Between-subjects designs avoid all of these issues because each person only encounters one condition. But they require the stronger assumption that the groups are truly equivalent at the start, with no hidden differences between them that could confound the results. Both designs demand tradeoffs.
Controlling for Order Effects
The standard solution is counterbalancing: varying the order in which participants experience conditions so that order effects average out across the group. If half the participants do condition A first and condition B second, while the other half does the reverse, any practice or fatigue effects should roughly cancel.
When there are more than two conditions, full counterbalancing (every possible order) quickly becomes impractical. With four conditions, there are 24 possible orderings. A Latin square design solves this by creating a structured matrix where each condition appears in each position (first, second, third, fourth) exactly once. First proposed by Ronald Fisher in 1925, this technique reduces the number of orderings you need while still ensuring that position effects are distributed evenly.

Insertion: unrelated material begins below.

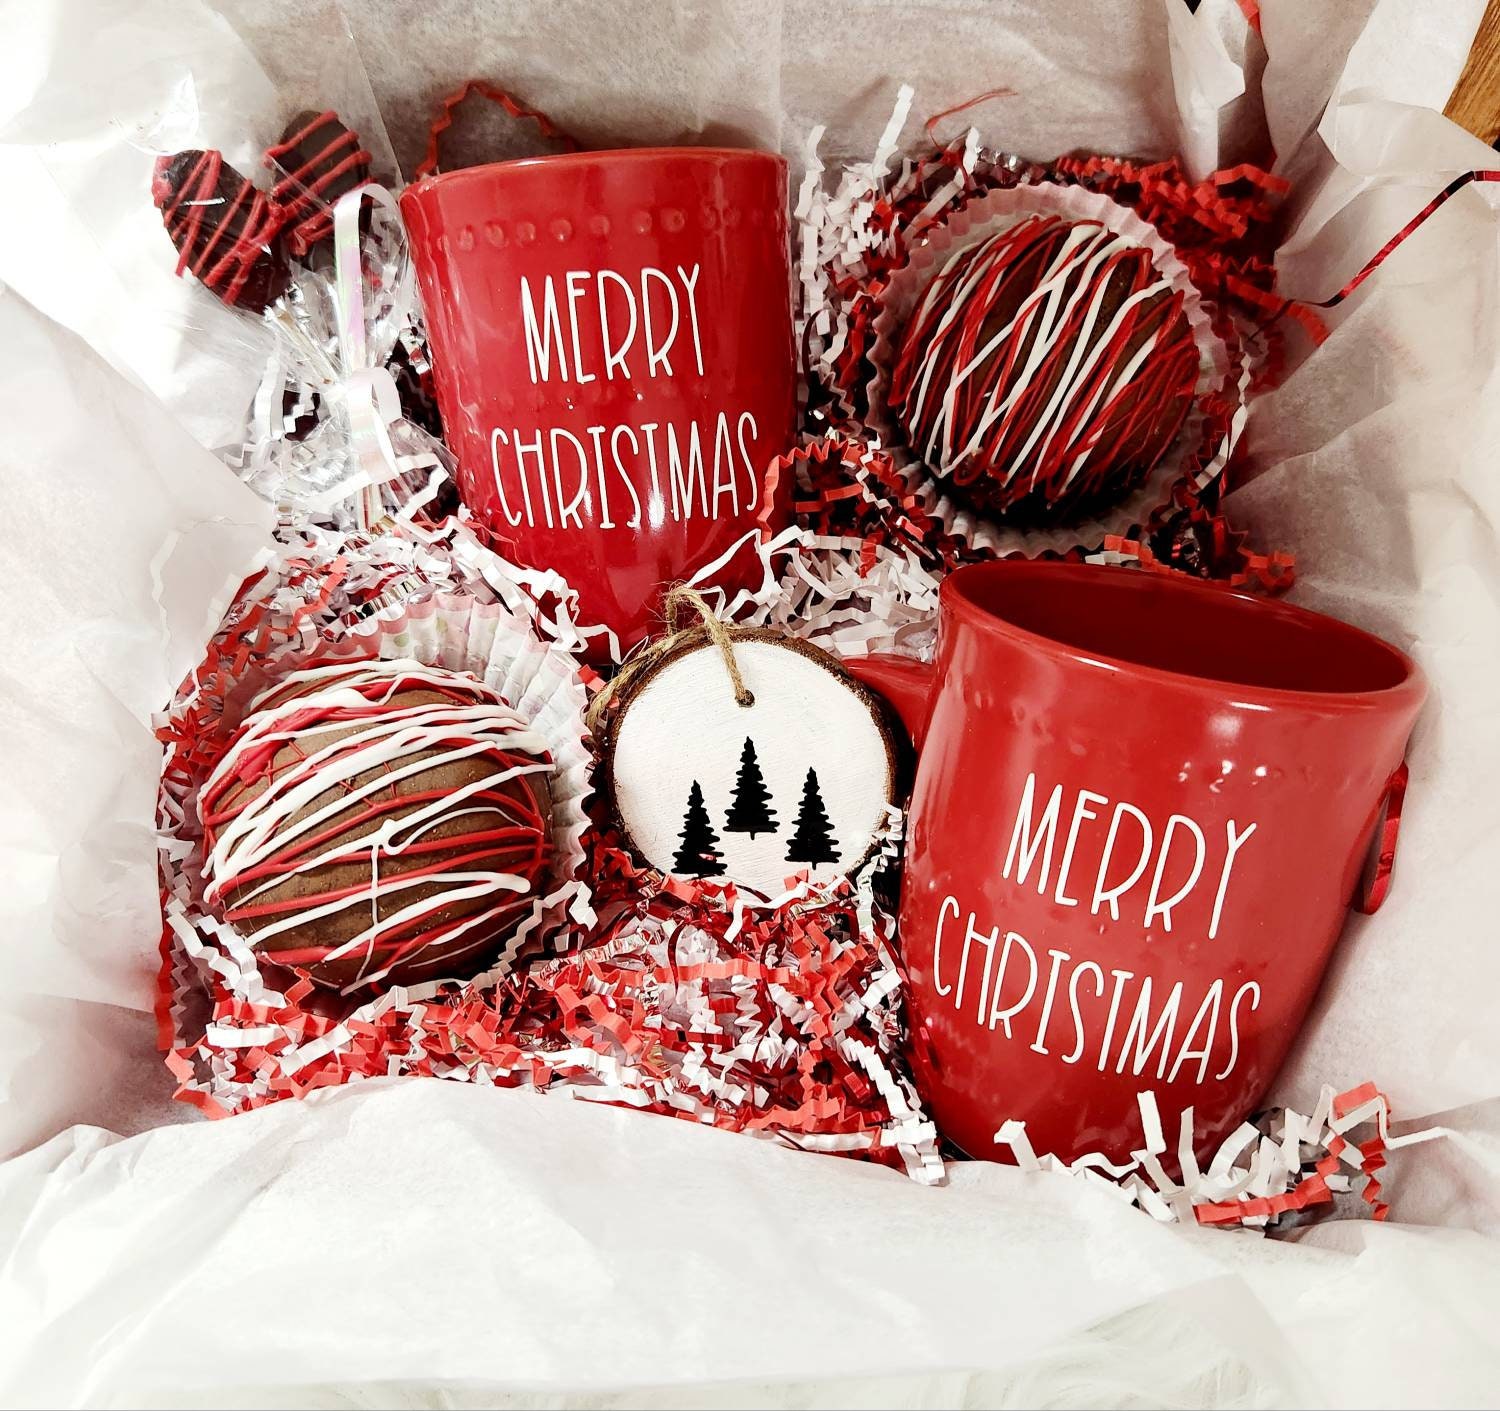 Hot Chocolate Bomb & Pottery Mug Gift Set – Meringue Bakery & Cafe

Counterbalancing has a limitation worth understanding. It controls for order effects only if those effects don’t interact with the treatment itself. If condition A genuinely changes how people respond to condition B in a way that doesn’t happen in reverse, no amount of reordering will fix that. In those cases, a between-subjects design may be the safer choice, even though it requires more participants.
How the Data Get Analyzed
The statistical tools for within-subjects data reflect the design’s structure. For two conditions, a paired t-test compares each person’s score under one condition to their score under the other. You’re essentially analyzing the difference scores, reducing the problem to a one-sample test.
For three or more conditions, a repeated measures ANOVA extends this logic. It accounts for the correlation between measurements taken from the same person at different time points, something a standard ANOVA ignores. That correlation is precisely what gives the design its power: it’s not coincidence that the same person’s scores are related, and the analysis takes advantage of that structure.
When the data aren’t normally distributed, Friedman’s test serves as a nonparametric alternative. For more complex designs with multiple factors or uneven time points, linear mixed-effects models offer the most flexibility. These modern approaches handle missing data and unbalanced designs more gracefully than traditional repeated measures ANOVA.
When to Use Each Design
A within-subjects design works well when the conditions are brief, reversible, and unlikely to permanently change the participant. Taste tests, perceptual experiments, and cognitive tasks where you can measure reaction time under different conditions are classic applications. It’s also a natural fit for tracking change over time, like measuring symptoms before and after treatment.
It works poorly when exposure to one condition makes it impossible to return to baseline. You can’t teach someone a skill and then un-teach it for the control condition. Studies involving surgery, permanent interventions, or knowledge-based outcomes often need a between-subjects approach. The same is true when the risk of participants guessing the study’s hypothesis increases with each condition they experience.
Many real experiments use mixed designs, combining both approaches. One factor might be within-subjects (every participant is measured at multiple time points) while another is between-subjects (participants are assigned to a drug group or a placebo group). This hybrid approach captures the power benefits of repeated measurement while keeping treatment groups separate where carryover would be a problem.